Figure 1Workflow for calculating splicing efficiency from RNA-seq data. Files and datasets are represented by blue parallelograms (file formats given in parentheses), and processing steps are represented by orange rectangles (tool names given in parentheses). Some files/datasets are used repeatedly in several steps of the workflow as signified by multiple flow lines going from these files/datasets. The diagram was created using draw.io (https://www.draw.io/).
Figure 2Splicing efficiency in the prp45(1-169) mutant. Splicing efficiencies for all known introns (for 5′ and 3′ splice sites separately) were calculated using the pipeline described in Figure 1. (a, b) Results for two pooled biological replicates of the prp45(1-169) mutant and its corresponding wild-type strain. Higher values correspond to more efficient splicing. Full circles represent values for introns with sufficient coverage (≥5 transreads and ≥5 reads covering intron end base); open circles represent low-confidence values for introns with low sequencing read coverage. (c, d) Relative splicing efficiencies (prp45(1-169) normalized to wild type) at the 5′ and 3′ splice sites were calculated for each biological replicate separately. Only introns with sufficient read coverage were considered. Pearson's r values for the two replicates are indicated. (e) Comparison of relative splicing efficiencies at the 5′ and 3′ splice sites of selected genes calculated from the pooled RNA-seq data with relative splicing efficiencies determined by RT-qPCR (means of 4–6 independent RT-qPCR experiments ± SD).

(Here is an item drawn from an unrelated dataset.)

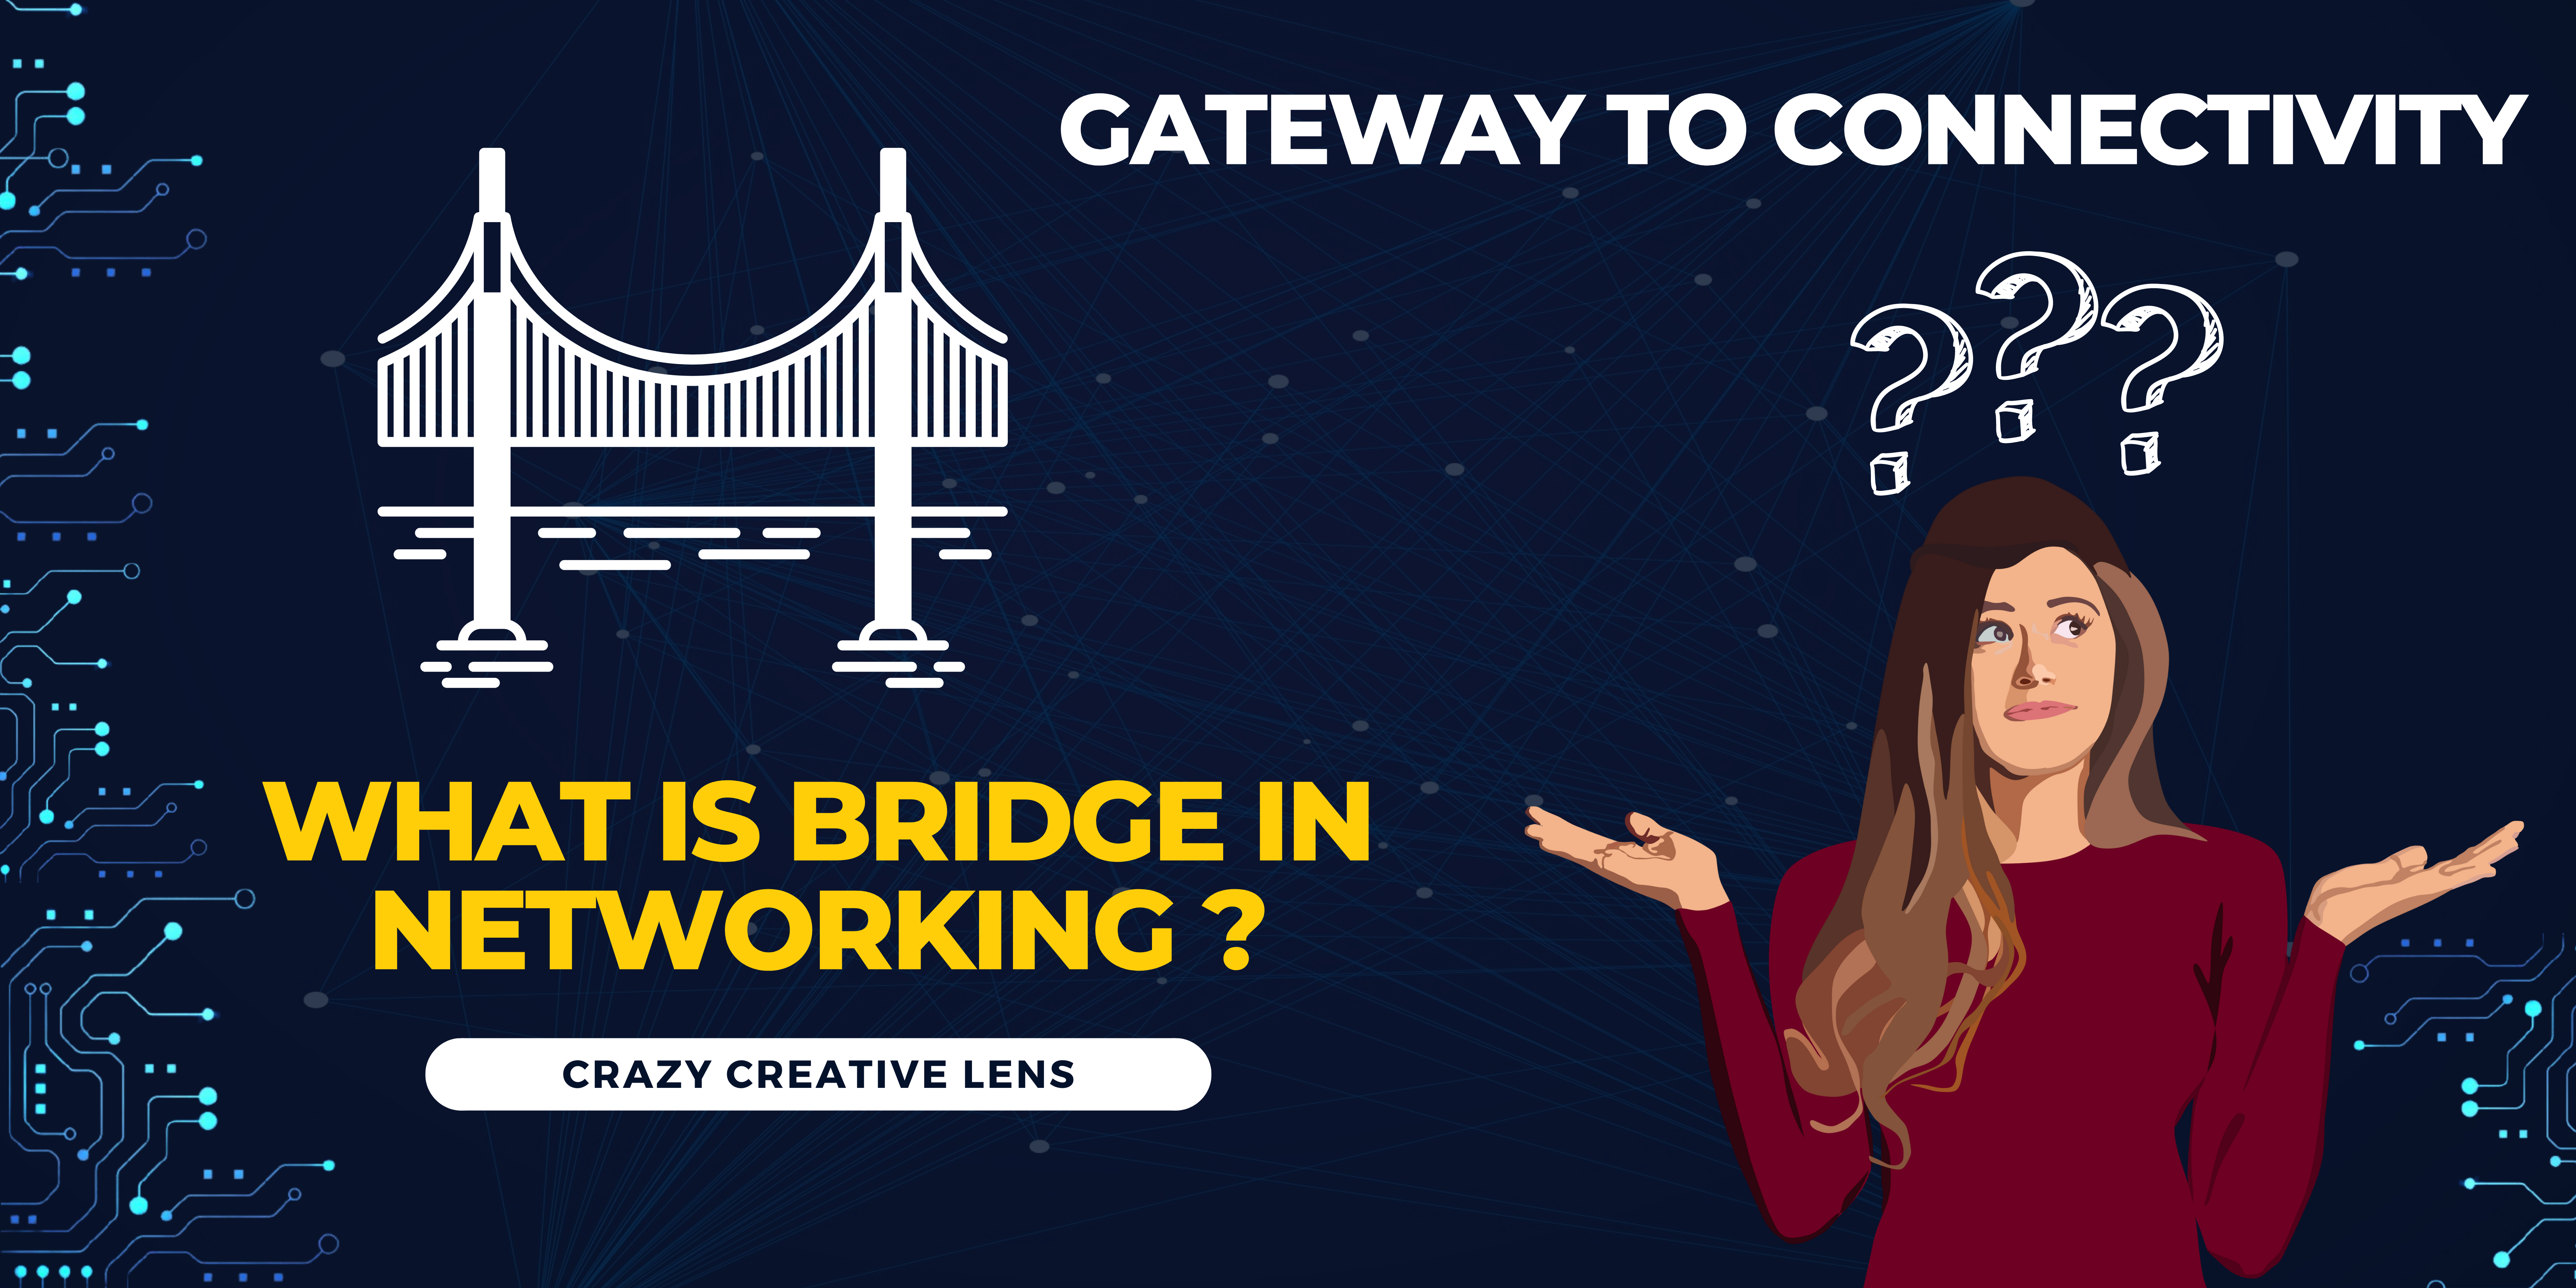 What is Bridge in Networking

Figure 3Splicing efficiency in the prp4-1 and prp40-1 mutants. Splicing efficiencies for all known introns (for 5′ and 3′ splice sites separately) were calculated using the pipeline described in Figure 1. (a, b) Results for the prp4-1 mutant and its corresponding wild-type strain [17]. (c, d) Results for the prp40-1 mutant and its corresponding wild-type strain [24]. Higher values correspond to more efficient splicing. Full circles represent values for introns with sufficient coverage (≥5 transreads and ≥5 reads covering intron end base); open circles represent low-confidence values for introns with low sequencing read coverage.